Important output or errors that show the problem

Here's the cesm log:

cat /scratch/cluster/erik/ERS_D_Ld5_Mmpi-serial.1x1_vancouverCAN.I1PtClm50SpRs.izumi_nag.clm-CLM1PTStartDate.20241106_110939_baypw7/run/cesm.log.698815.izumi.cgd.ucar.edu.241106-121226/scratch/cluster/erik/ERS_D_Ld5_Mmpi-serial.1x1_vancouverCAN.I1PtClm50SpRs.izumi_nag.clm-CLM1PTStartDate.20241106_110939_baypw7/run/cesm.log.698815.izumi.cgd.ucar.edu.241106-121226
cat: /scratch/cluster/erik/ERS_D_Ld5_Mmpi-serial.1x1_vancouverCAN.I1PtClm50SpRs.izumi_nag.clm-CLM1PTStartDate.20241106_110939_baypw7/run/cesm.log.698815.izumi.cgd.ucar.edu.241106-121226/scratch/cluster/erik/ERS_D_Ld5_Mmpi-serial.1x1_vancouverCAN.I1PtClm50SpRs.izumi_nag.clm-CLM1PTStartDate.20241106_110939_baypw7/run/cesm.log.698815.izumi.cgd.ucar.edu.241106-121226: Not a directory
(ctsm_pylib) [erik@izumi ERS_D_Ld5_Mmpi-serial.1x1_vancouverCAN.I1PtClm50SpRs.izumi_nag.clm-CLM1PTStartDate.20241106_110939_baypw7]$ cat /scratch/cluster/erik/ERS_D_Ld5_Mmpi-serial.1x1_vancouverCAN.I1PtClm50SpRs.izumi_nag.clm-CLM1PTStartDate.20241106_110939_baypw7/run/cesm.log.698815.izumi.cgd.ucar.edu.241106-121226 
/scratch/cluster/erik/ERS_D_Ld5_Mmpi-serial.1x1_vancouverCAN.I1PtClm50SpRs.izumi_nag.clm-CLM1PTStartDate.20241106_110939_baypw7/bld/cesm.exe: error while loading shared libraries: libnetcdf.so.13: cannot open shared object file: No such file or directory
olyson commented 2 weeks ago

@ekluzek , this test fails for me due to the nag netcdf library problem. I didn't see this in your list above.

SMS_Ld10_D_Mmpi-serial.CLM_USRDAT.I1PtClm60Bgc.izumi_nag.clm-default--clm-NEON-HARV (RUN)

ekluzek commented 2 weeks ago

Hmmm, I don't see that one in my ctsm5.3.009 testing, maybe that test is just on b4b-dev? In any case -- anything that's izumi_nag with mpi-serial is going to fail so belongs under this issue.

ekluzek commented 1 week ago

@jedwards4b has a fix to ccs_config that we'll bring in that will solve this for the latest tags when we bring in the submodule update with it.

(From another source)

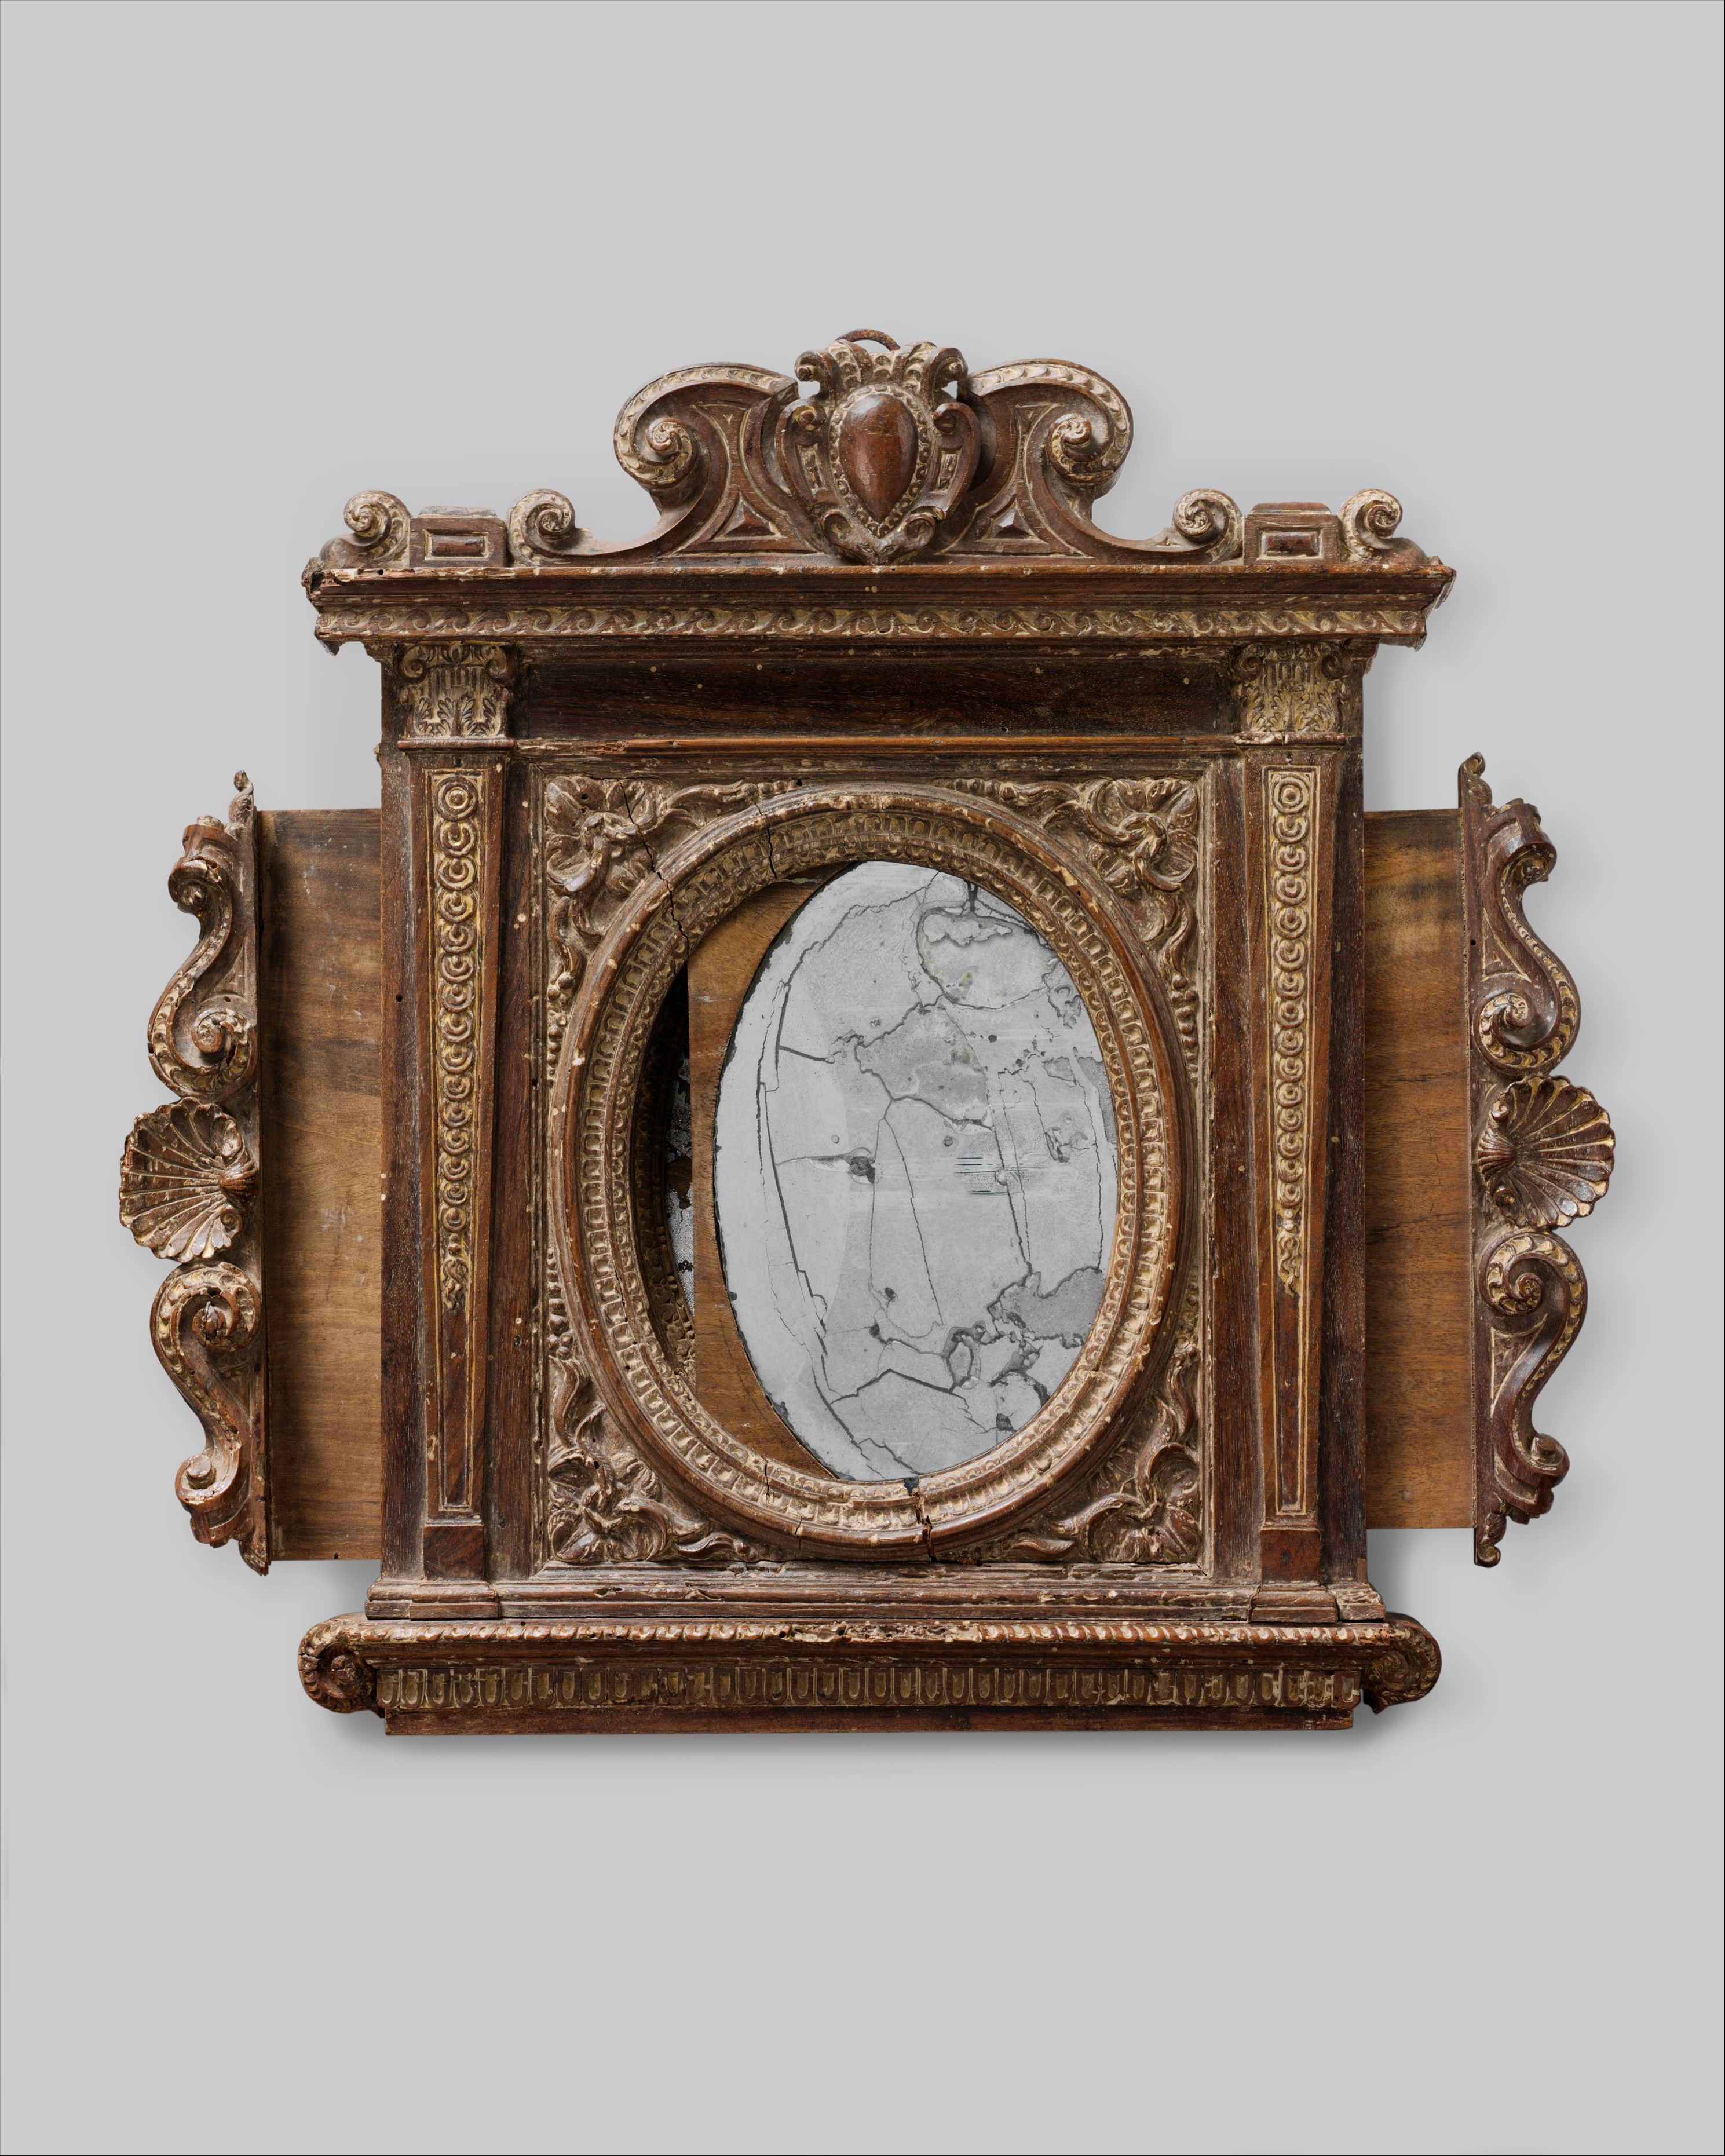 Italian Renaissance Frames, Essay, The Metropolitan Museum of Art

So latest dev tags will be OK.

For older tags I worked with Joseph and we pushed a simple safe change of a symlink for the netcdf mpi-serial library that allows these tests to work.

I'll do more tests with older tags to ensure this is the case -- but this should handle this both for old and new tags.